Barbiturates inhibit K(+)-evoked noradrenaline and dopamine release from rat striatal slices--involvement of voltage sensitive Ca(2+) channels.

The cellular target site(s) for anaesthetic action remain unclear. In rat striatal slices we have previously demonstrated that K(+)-evoked noradrenaline (NA) and dopamine (DA) release is mediated predominantly via P/Q-type voltage sensitive Ca(2+) channels (VSCC). Using this model of Ca(2+) dependent transmitter release we have evaluated the effects of anaesthetic and non-anaesthetic barbiturates.

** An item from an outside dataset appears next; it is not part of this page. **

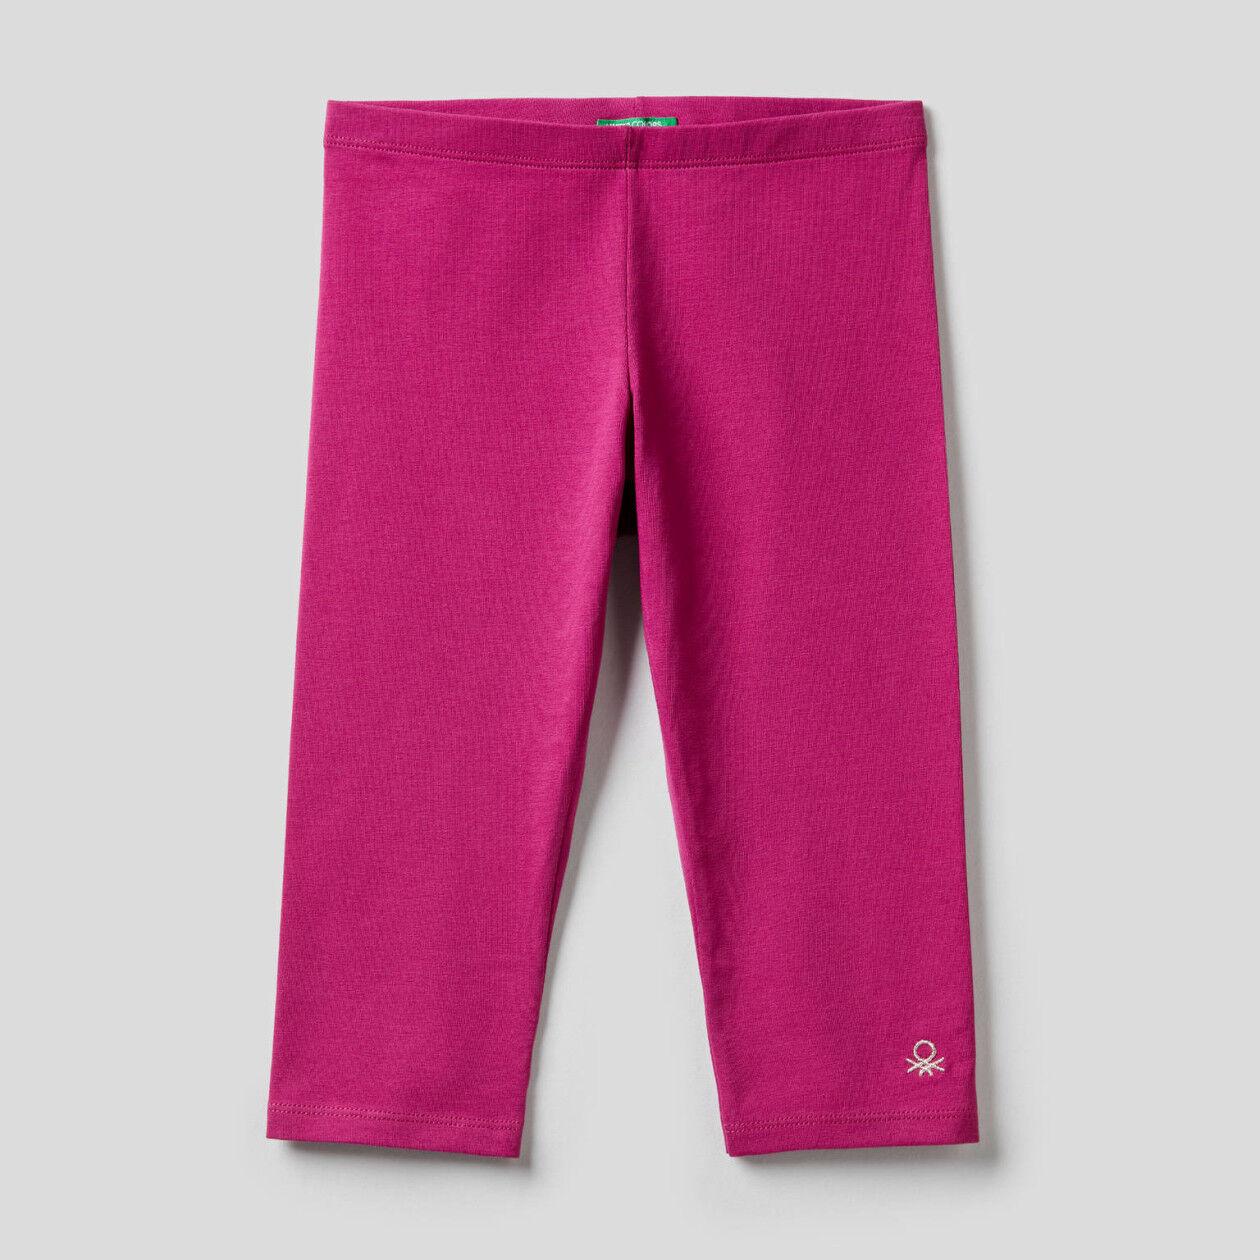 3/4 leggings

Rat brain striatal slices were incubated in the absence and presence of barbiturate for 10 min at 37 degrees C. The slices were then incubated for 6 min with 40 mM KCl. All anaesthetic barbiturates produced a concentration-dependent inhibition of K(+)-evoked NA and DA release. Non-anaesthetic barbiturate, barbituric acid was ineffective. The pIC(50) for NA and DA release (thiopental: 4.90+/-0.13 and 5.00+/-0.10, pentobarbital: 4.39+/-0.07 and 4.43+/-0.14, phenobarbital: 3.85+/-0.08 and 3.59+/-0.10, respectively) correlated with lipid solubility (NA: r(2)=0.999, DA: r(2)=0.987). We therefore suggest that barbiturates inhibit catecholamine release via an interaction with P/Q VSCC further implicating this channel in anaesthetic action.